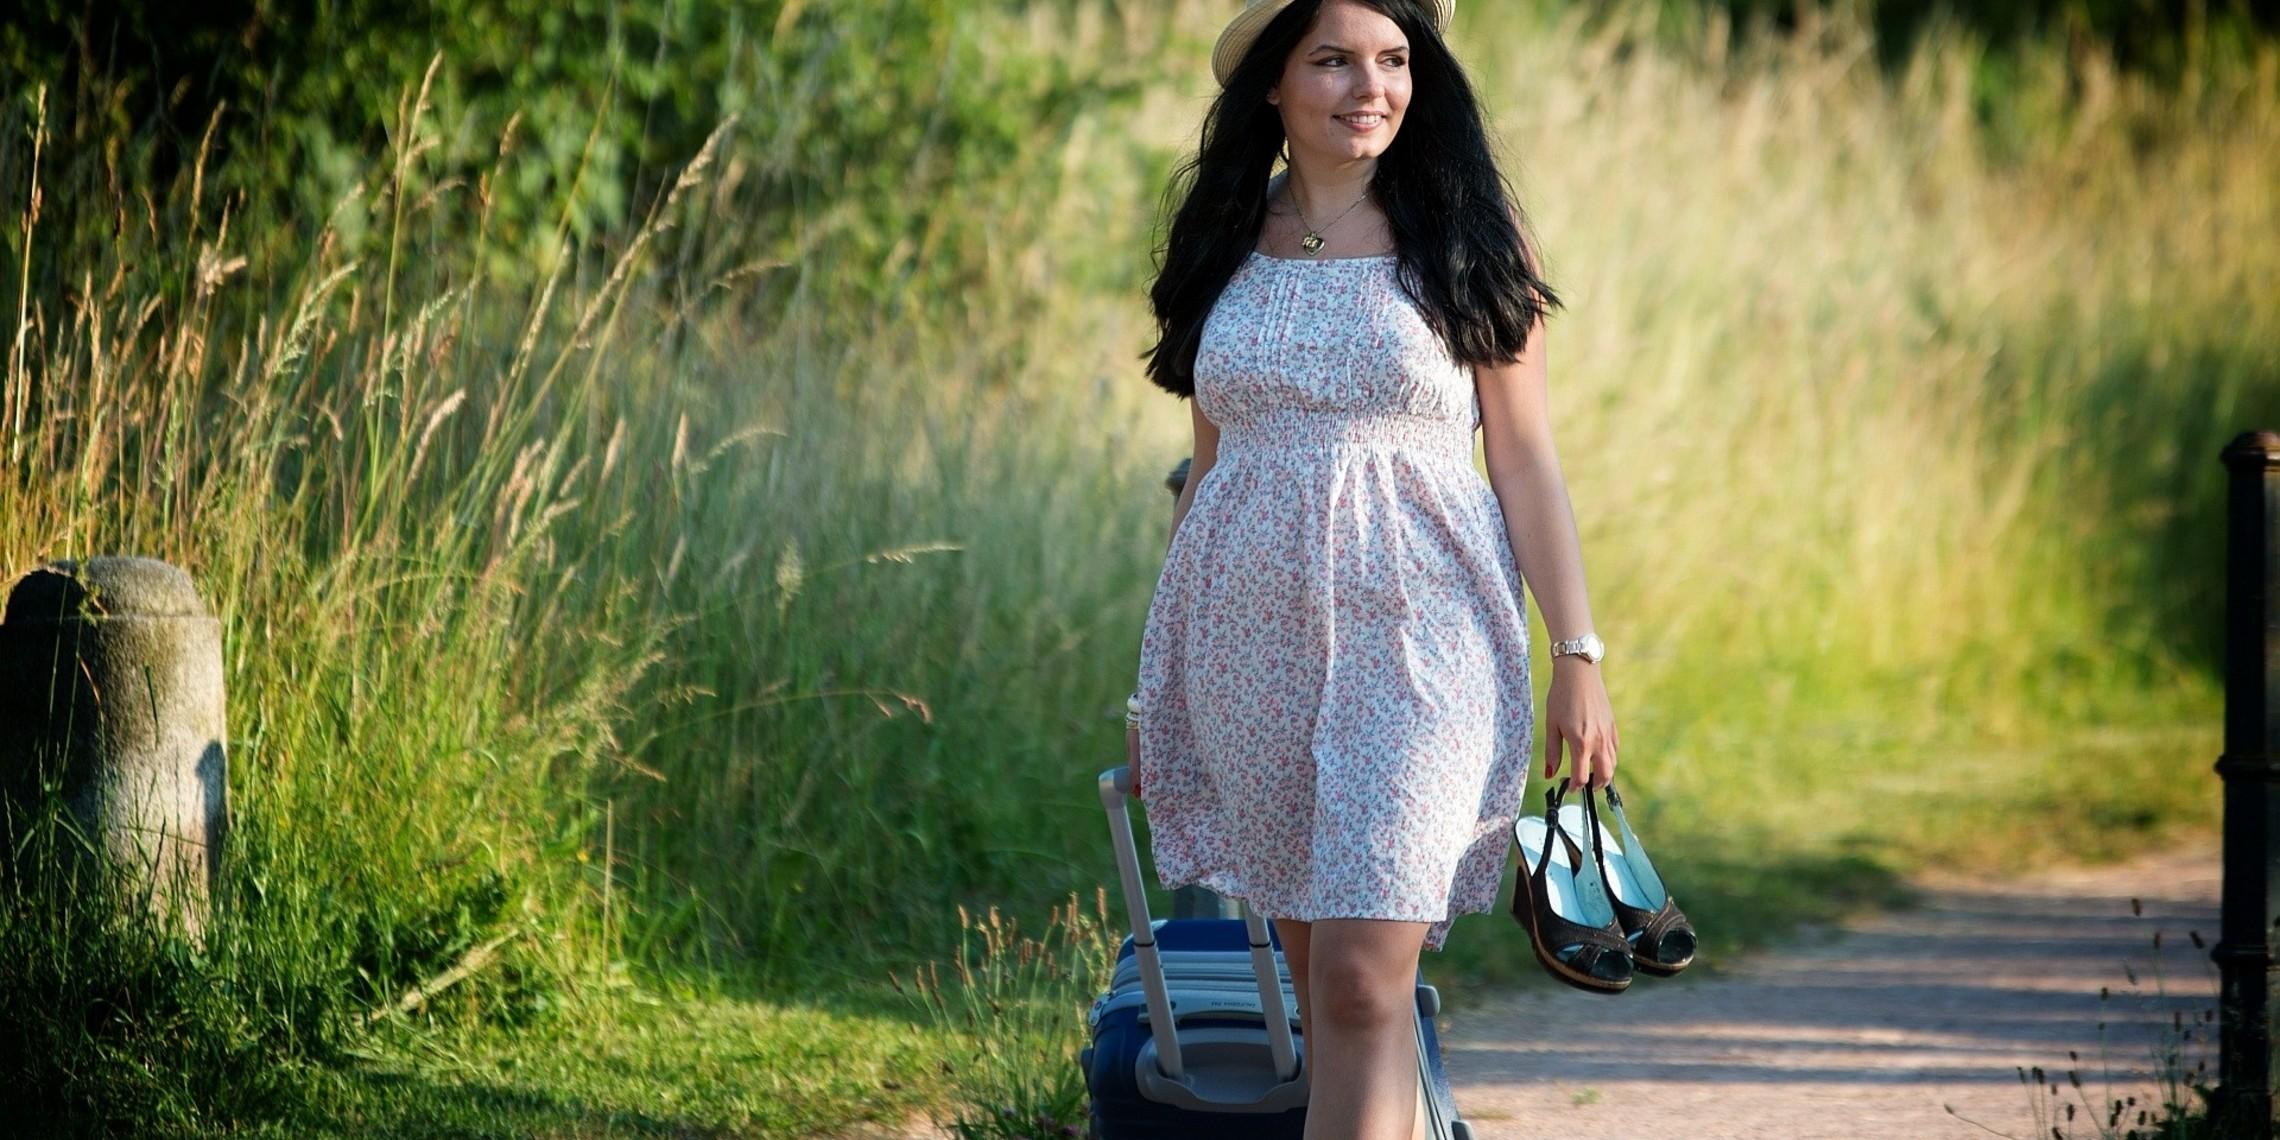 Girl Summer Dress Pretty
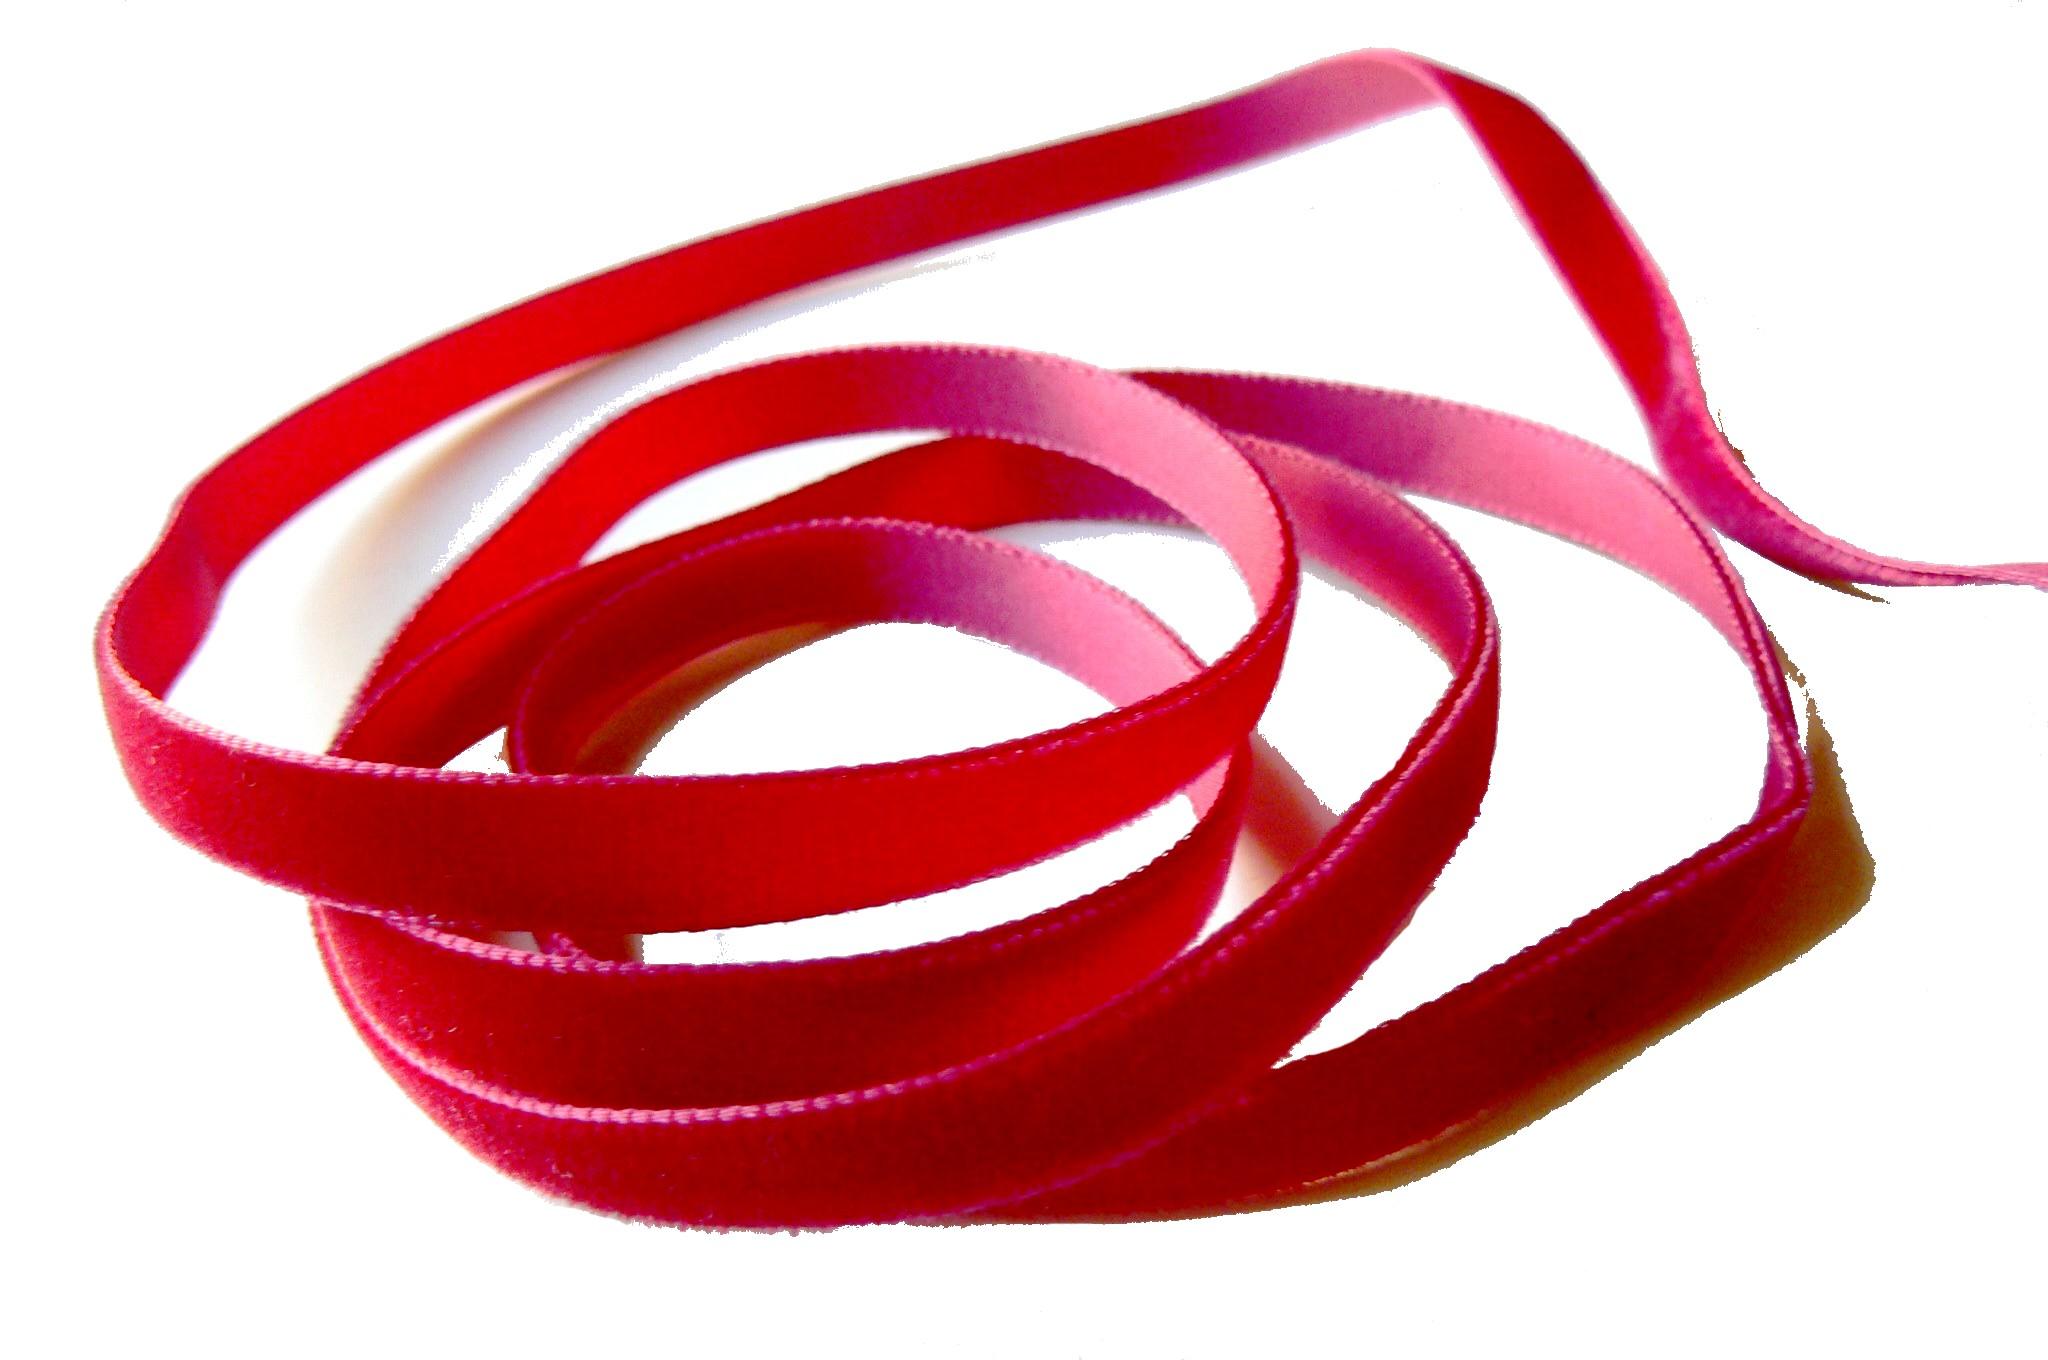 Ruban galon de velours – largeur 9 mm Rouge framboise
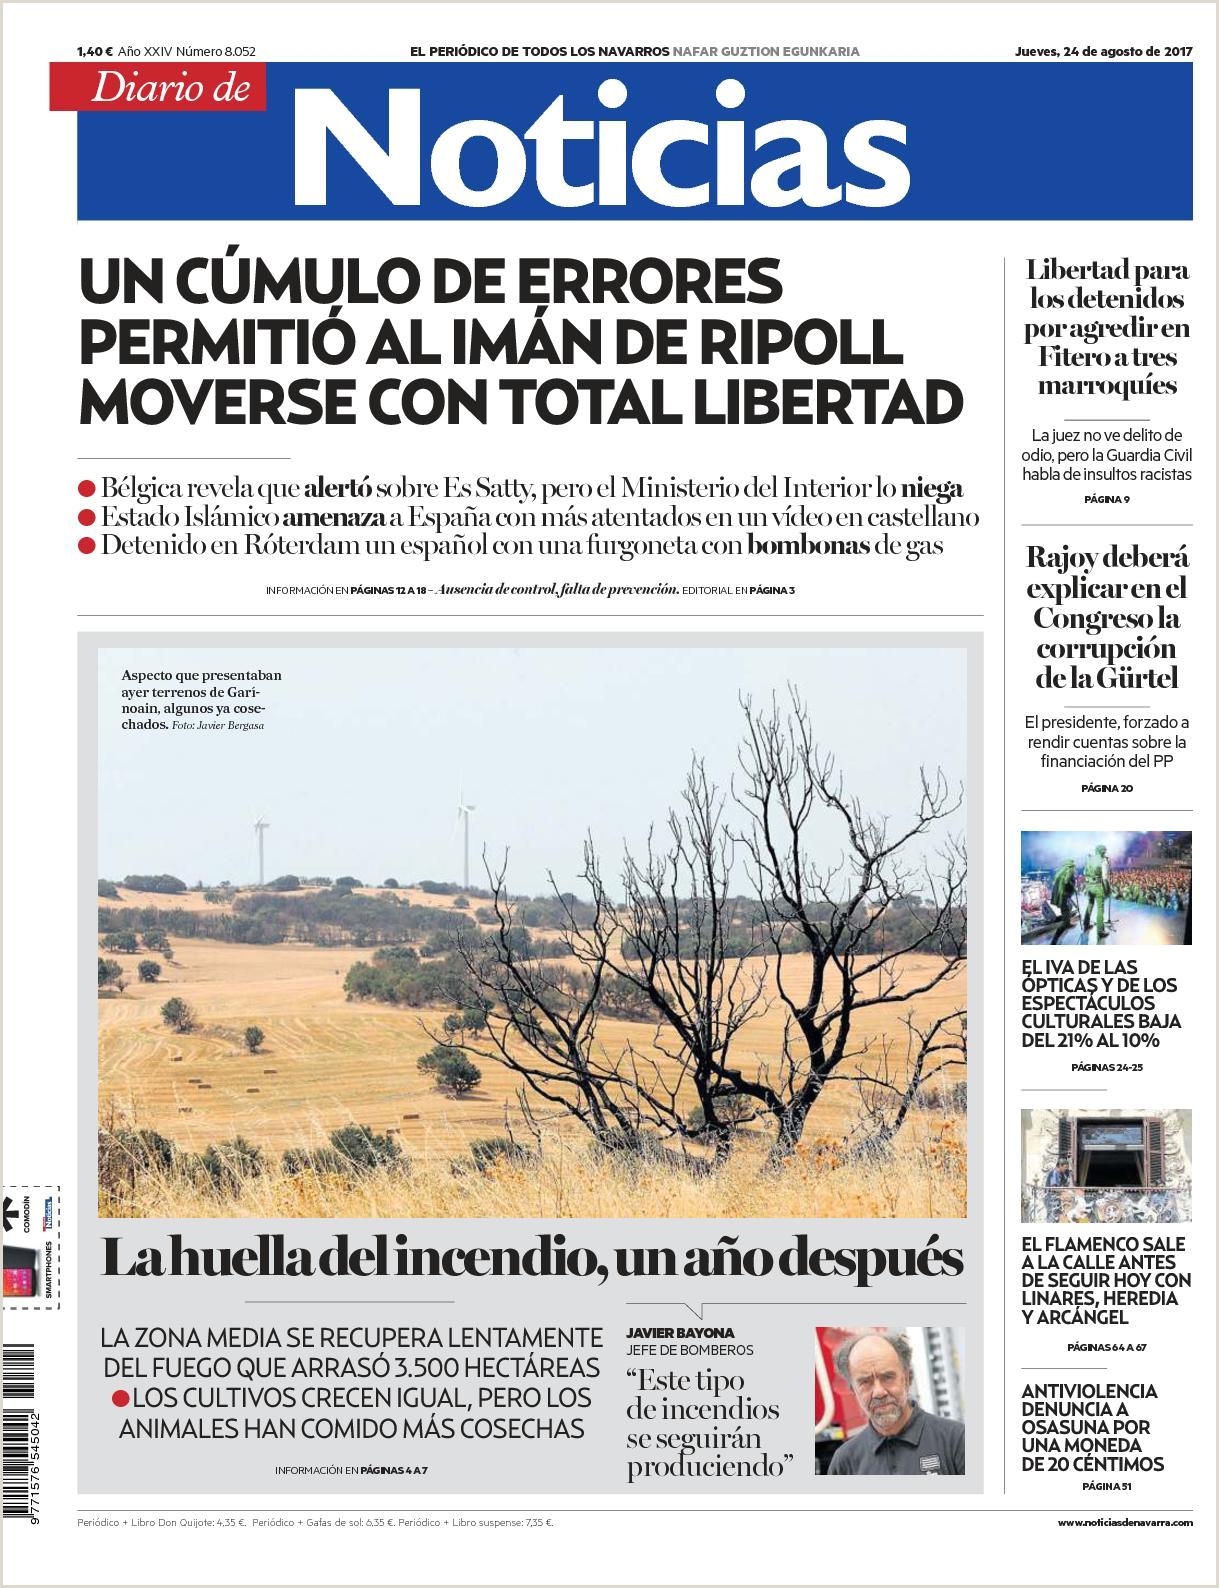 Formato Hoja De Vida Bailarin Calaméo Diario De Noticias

Aim of the exercise:
In your reply, every line of the material should appear exactly as written, and no picture should.

Your response:
 Girl Summer Dress Pretty
 Ruban galon de velours – largeur 9 mm Rouge framboise
 Formato Hoja De Vida Bailarin Calaméo Diario De Noticias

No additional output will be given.